Candy manufacturer Just Born Inc. hopes its recent e-mail marketing campaign has left recipients with a sour taste in their mouths.

Just Born, Bethlehem, PA, distributed e-mails to 5,000 consumers in four states last month to promote Zours, its new brand of sour fruit-candy chews. The privately owned, 77-year-old candy maker's more famous brands include Mike and Ike, Hot Tamales and Marshmallow Peeps.

The campaign has so far recorded a click-through rate of 5 percent, said Matt Pye, group product manager at Just Born. The company expects to send out as many as 10,000 free samples as part of a follow-up effort.

The Zours e-mails targeted households with children between the ages of 11 and 17, the core audience that Just Born identified for the new candy. The names were rented from an opt-in e-mail list managed by Etracks, Belmont, CA, an online direct marketer, Pye said. While the e-mails were delivered to the general household addresses, the style and content were geared toward its younger members, Pye said.

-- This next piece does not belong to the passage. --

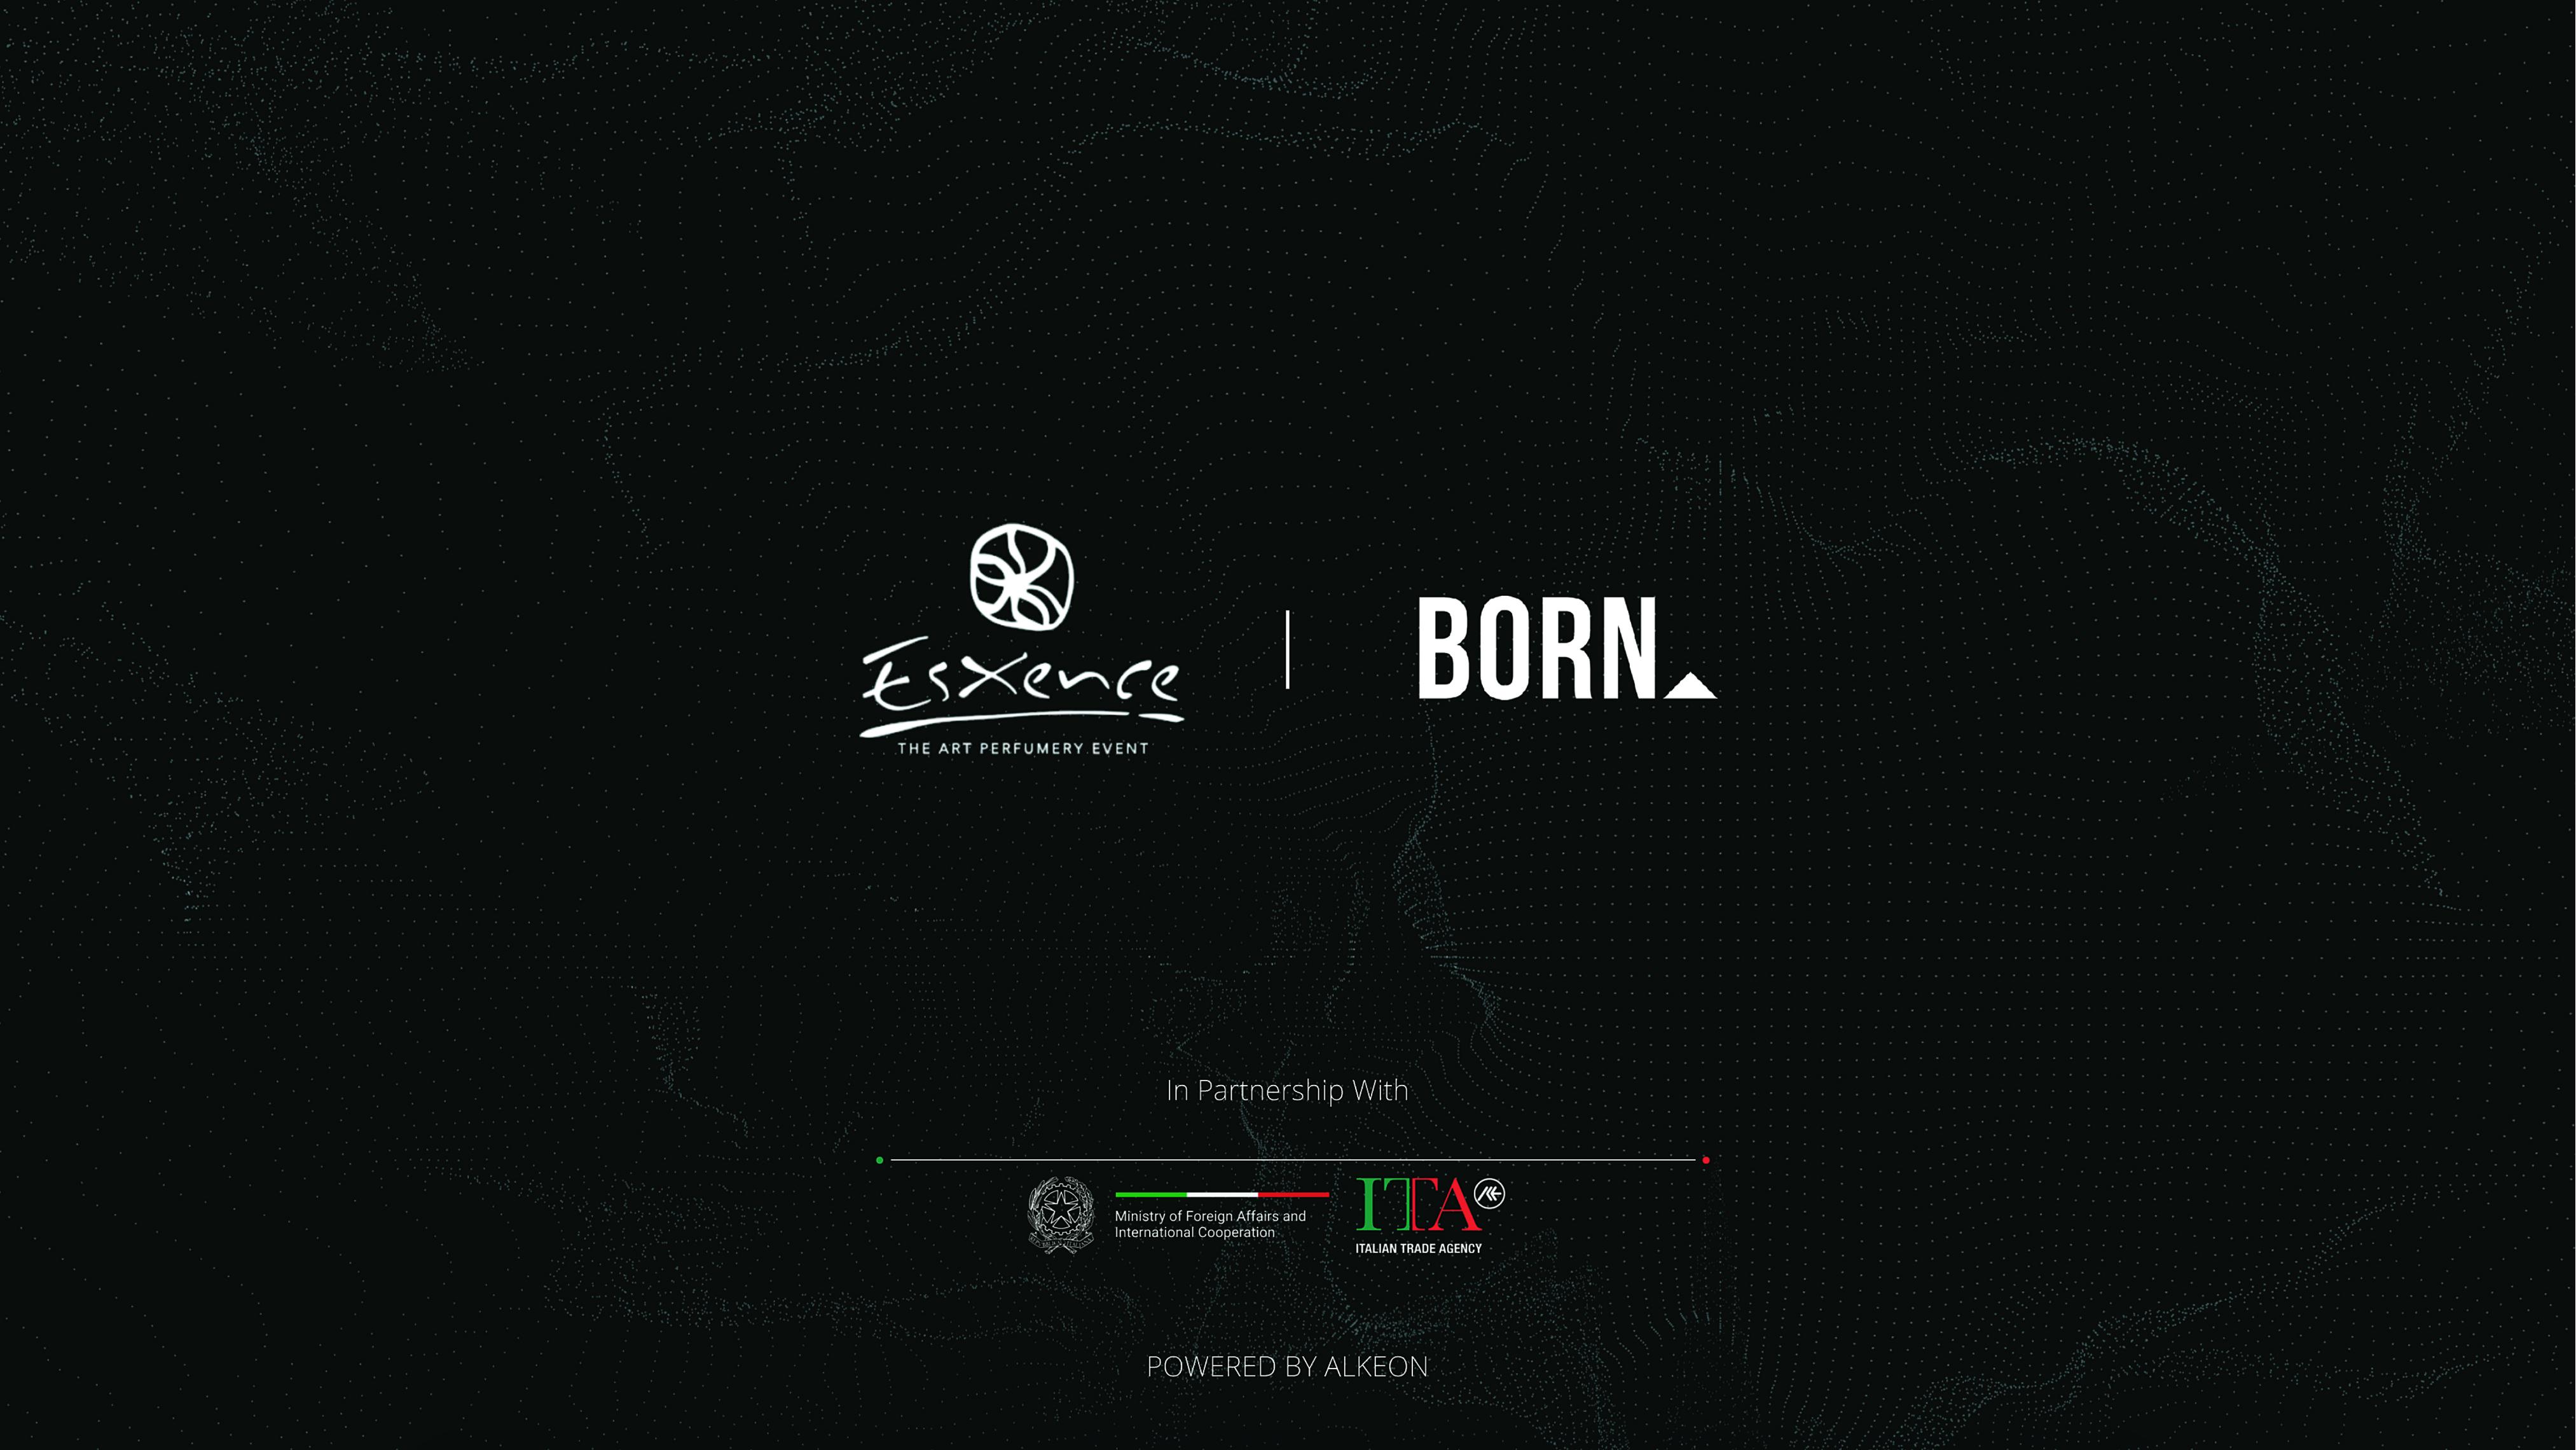 ESXENCE FOR BORN
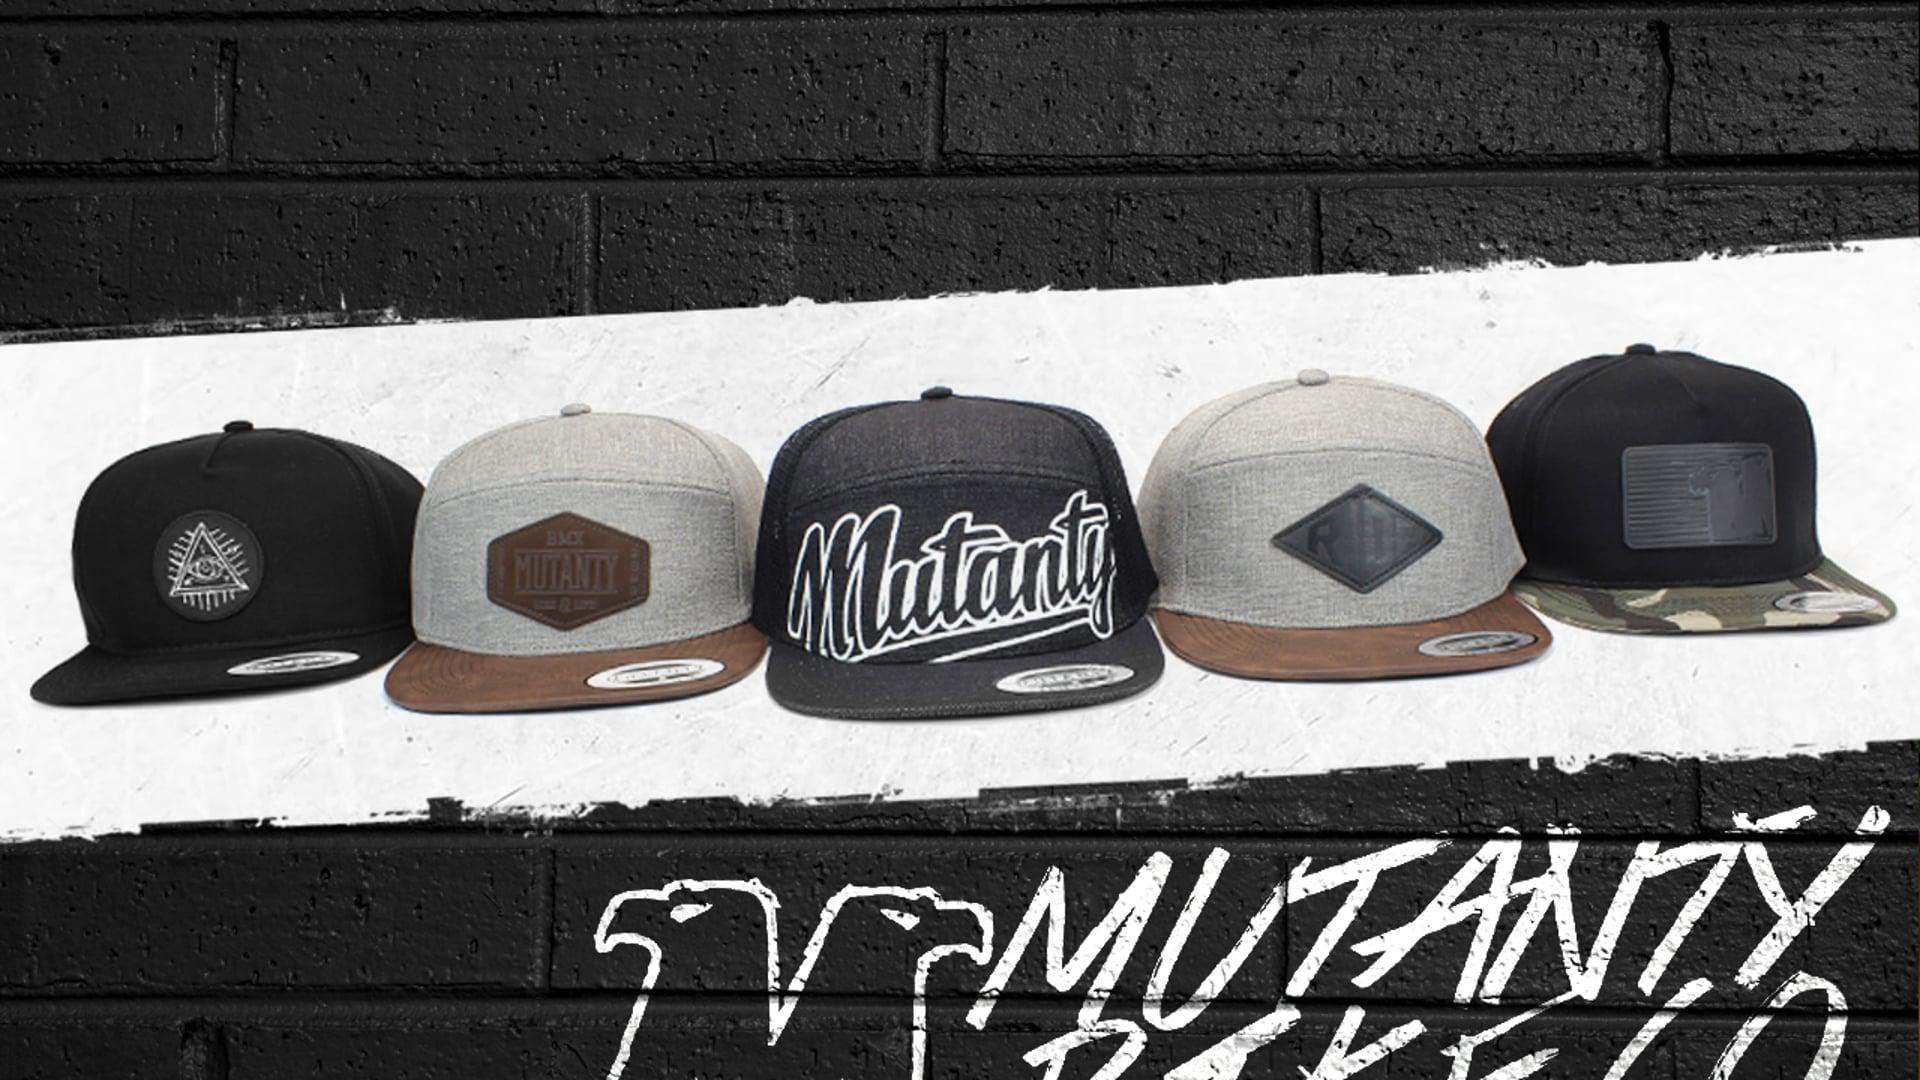 MUTANTY SNAPBACK HATS

The e-mails offered recipients free samples of the sour candy in exchange for registering at Zours.com. The registration page asked the California, Colorado, New York and Pennsylvania target audience for their mailing address and other information.

The 5,000 e-mails also encouraged recipients to enter a “pucker face” photo contest on the Web site, and to pass along the e-mail and candy offer to their friends in hopes of creating a buzz about the product.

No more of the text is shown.